Alternating Thalidomide and Lenalidomide Therapy Plus Rituximab (ThRiL) as Initial Treatment for Patients With CLL

Study Description

Brief Summary

The investigators' hypothesis is that treatment of CLL with an alternating daily dosing schedule of thalidomide and lenalidomide may result in better tolerability by decreasing each agent's individual toxicities, while preserving efficacy, and therefore lead to a longer duration of therapy and improved responses. Additionally, the combination of the 2 agents may have additive or synergistic effects therapeutically.

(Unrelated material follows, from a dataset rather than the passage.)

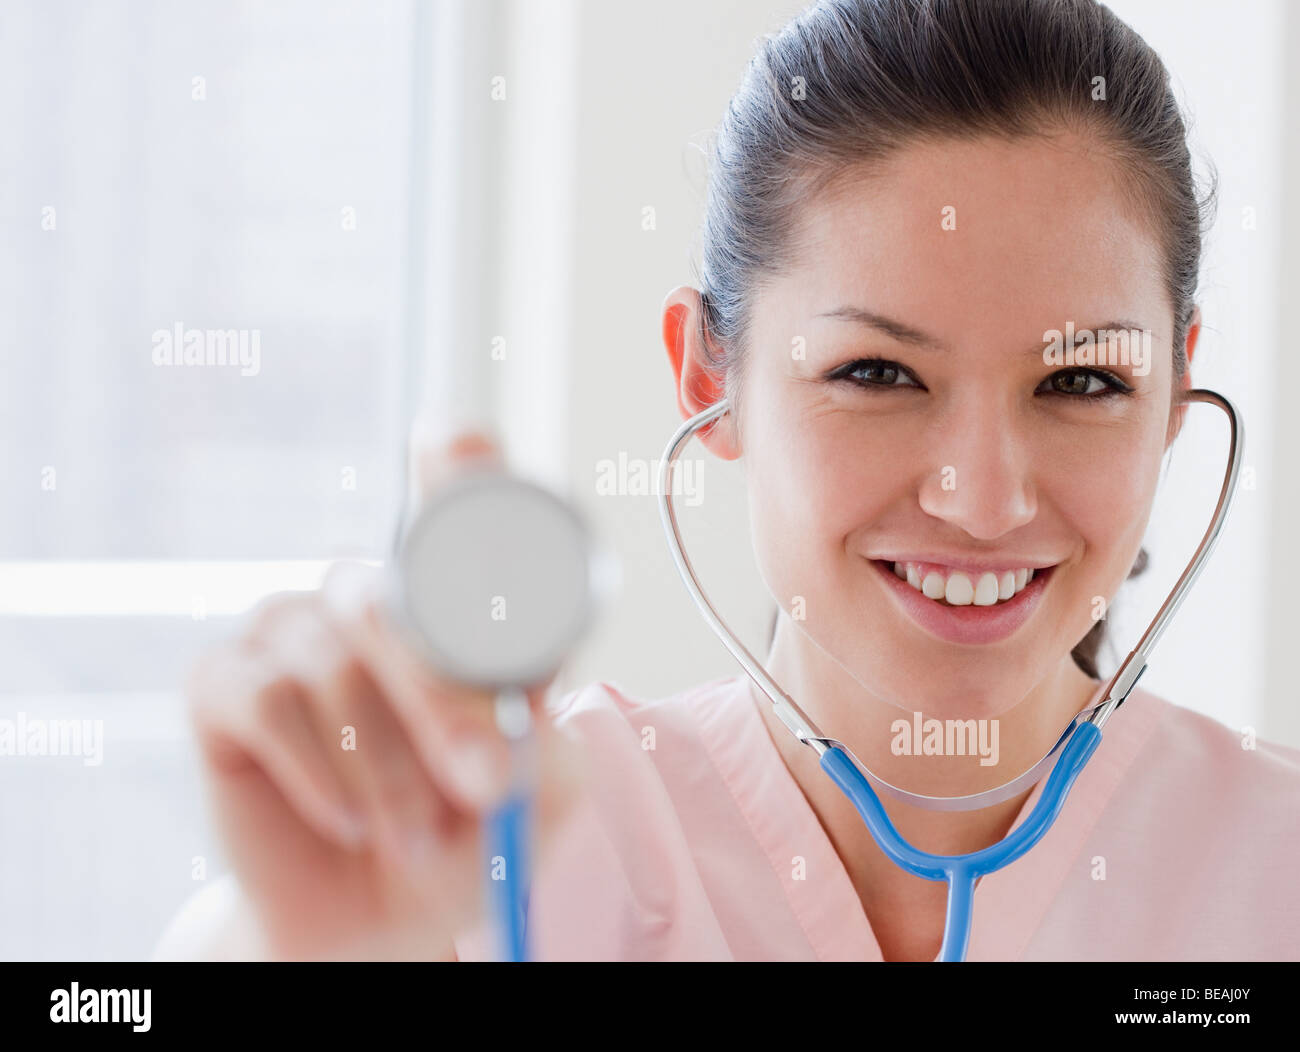 Mixed race nurse holding stethoscope Stock Photo

In Cycle -1, odd numbered patients will receive oral thalidomide daily days 1-14 followed by no treatment on days 15-28. Even numbered patients will receive oral lenalidomide daily on days 1-14 and then no treatment on days 15-28. Starting with cycle 1, patients will alternate daily thalidomide (every odd day) with daily lenalidomide (every even day) for days 1-28. Rituximab will be given on days 1, 8, 15, and 22 starting with Cycle 1, and then again every 6th cycle thereafter (cycles 7, 13, 19, etc.)

Detailed Description

This is an open label, phase II, single arm, and single institution study investigating daily alternating therapy with IMiD™ compounds, thalidomide and lenalidomide, plus rituximab in untreated CLL patients requiring treatment. In order to obtain correlative samples, patients will receive a two week course of single agent thalidomide or lenalidomide before beginning treatment with the combination regimen. Half of the patients (odd numbered subjects) will start with a two week course of single agent thalidomide and the other half of the patients (even numbered subjects) will start with a two week course of single agent lenalidomide. This will allow the study of correlative samples of monotherapy with either IMiD™ agent. In Cycle -1 half of the patients (odd numbered subjects) will receive thalidomide 50mg PO daily on days 1-14, followed by no treatment days 15-28 and the other half of the patients (even numbered subjects) will receive lenalidomide PO daily on days 1-14, followed by no treatment days 15-28. Starting cycle 1: Patients will receive thalidomide 50 mg every other day (every odd day on days 1-28: Days 1, 3, 5, 7, 9, 11, 13, 15, 17, 19, 21, 23, 25 & 27 of a 28 day cycle) alternating with lenalidomide on alternate every other day, dosed based upon current level with stepwise incremental dosing (every even day on days 1-28: Days 2, 4, 6, 8, 10, 12, 14, 16, 18, 20, 22, 24, 26 & 28 of a 28 day cycle). The starting dose of lenalidomide will be based on calculated creatinine clearance and the dose of lenalidomide may be escalated as tolerated to maximal dose of 25 mg (see Section 5 for details). Rituximab 375 mg/m2 will be administered on days 1, 8, 15 and 22 starting with Cycle 1 and then again on the same weekly x 4 schedule every 6th cycle thereafter (Cycles 7, 13, 19, etc).

Study Design

Outcome Measures

Primary Outcome Measures

1. Overall Response Rate as Defined as the Number of Patients Who Experience a Response (Complete or Partial) to Treatment at the Time of Best Response [From date of study drug initiation until date of best response, assessed up to 6 years.]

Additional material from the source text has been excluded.